French Polynesia Tackles Money Laundering with Risk-Based Approach
The French Polynesia Financial Services Authority (FPFSA) has taken a proactive stance against money laundering and terrorist financing by implementing a risk-based approach to anti-money laundering (AML) compliance. As the regulatory body responsible for overseeing non-bank financial institutions and international financial services in the region, the FPFSA ensures that all entities under its purview adhere to strict AML/CFT requirements.
Conducting Off-Site and On-Site Activities
To achieve this goal, the FPFSA conducts a combination of off-site and on-site activities to monitor compliance. These activities include:
- Off-site monitoring: The authority reviews institutions’ financial records, transaction reports, and other documentation to identify potential risks.
- On-site monitoring: The FPFSA performs regular site visits to verify information gathered during off-site monitoring and assess the institution’s overall AML/CFT framework.

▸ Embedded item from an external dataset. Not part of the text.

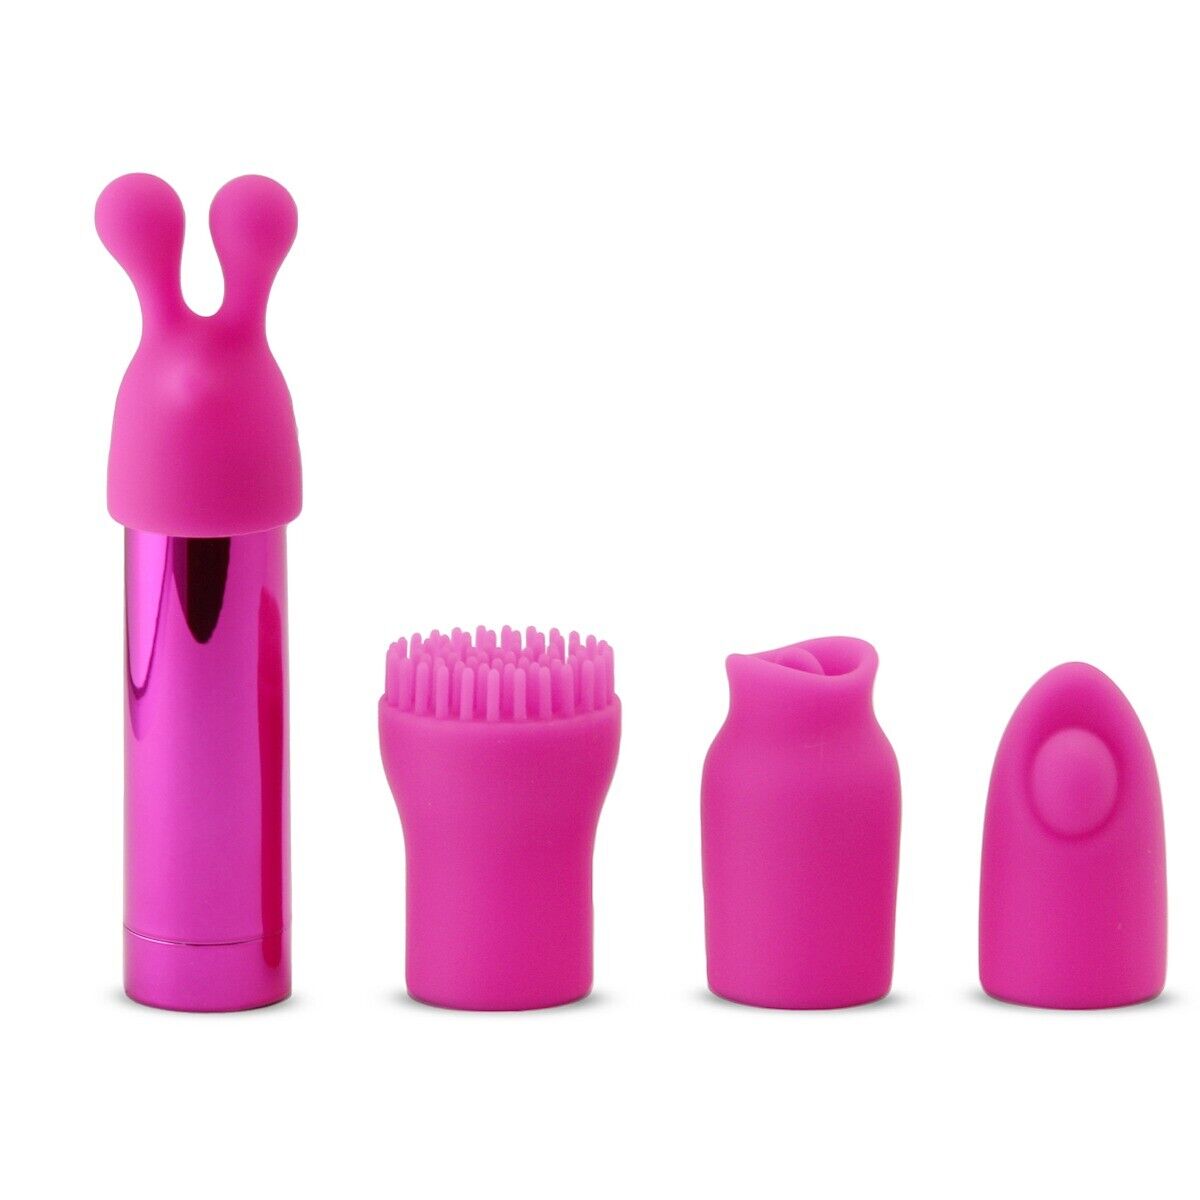 Rechargeable Pocket Vibrator Massager Bullet Vibrator Beginner Women Sex Toy Kit
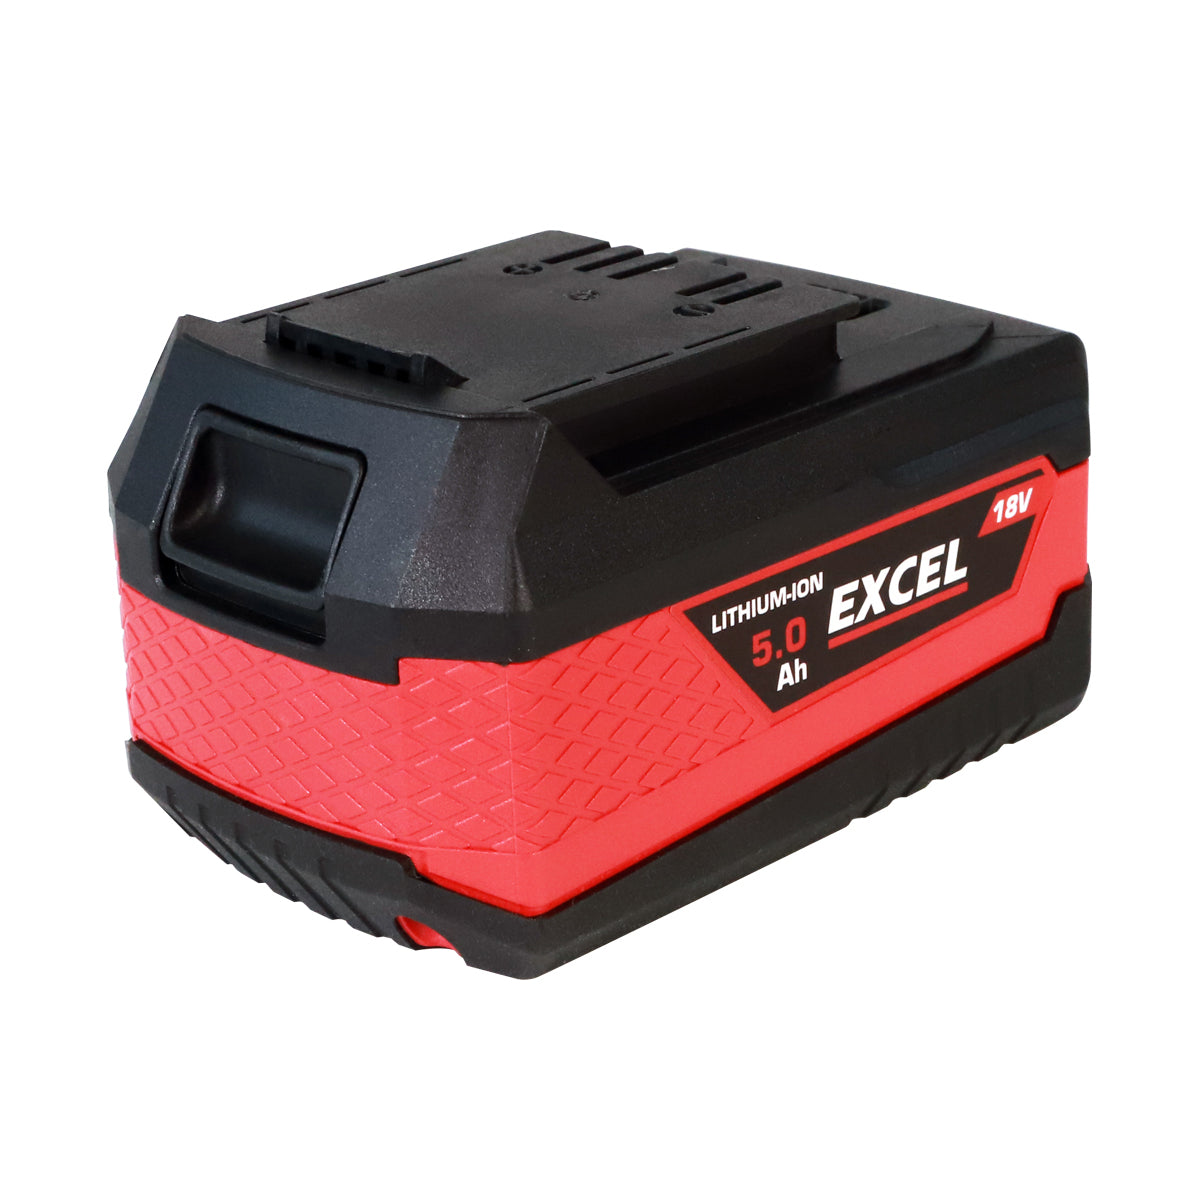 Excel 18V Leaf Blower & Hedge Trimmer 2 x 5.0Ah Batteries & Charger EXL14997

AML/CTF Supervisory Framework
The FPFSA has developed an AML/CTF Supervisory Framework, which outlines the methodology used to determine its supervisory approach. This framework enables the authority to:
- Identify institutions posing the greatest risk and focus its efforts accordingly.
- Allocate resources effectively and address threats and risks in a timely manner.
Benefits of Risk-Based Approach
By adopting a risk-based approach, the FPFSA is able to:
- Enhance the overall stability of the financial system by addressing potential threats and risks proactively.
- Safeguard French Polynesia’s reputation as a reliable and secure jurisdiction for international financial transactions.
Overall, the FPFSA’s risk-based approach to AML/CFT compliance demonstrates its commitment to ensuring the integrity of the financial system in French Polynesia.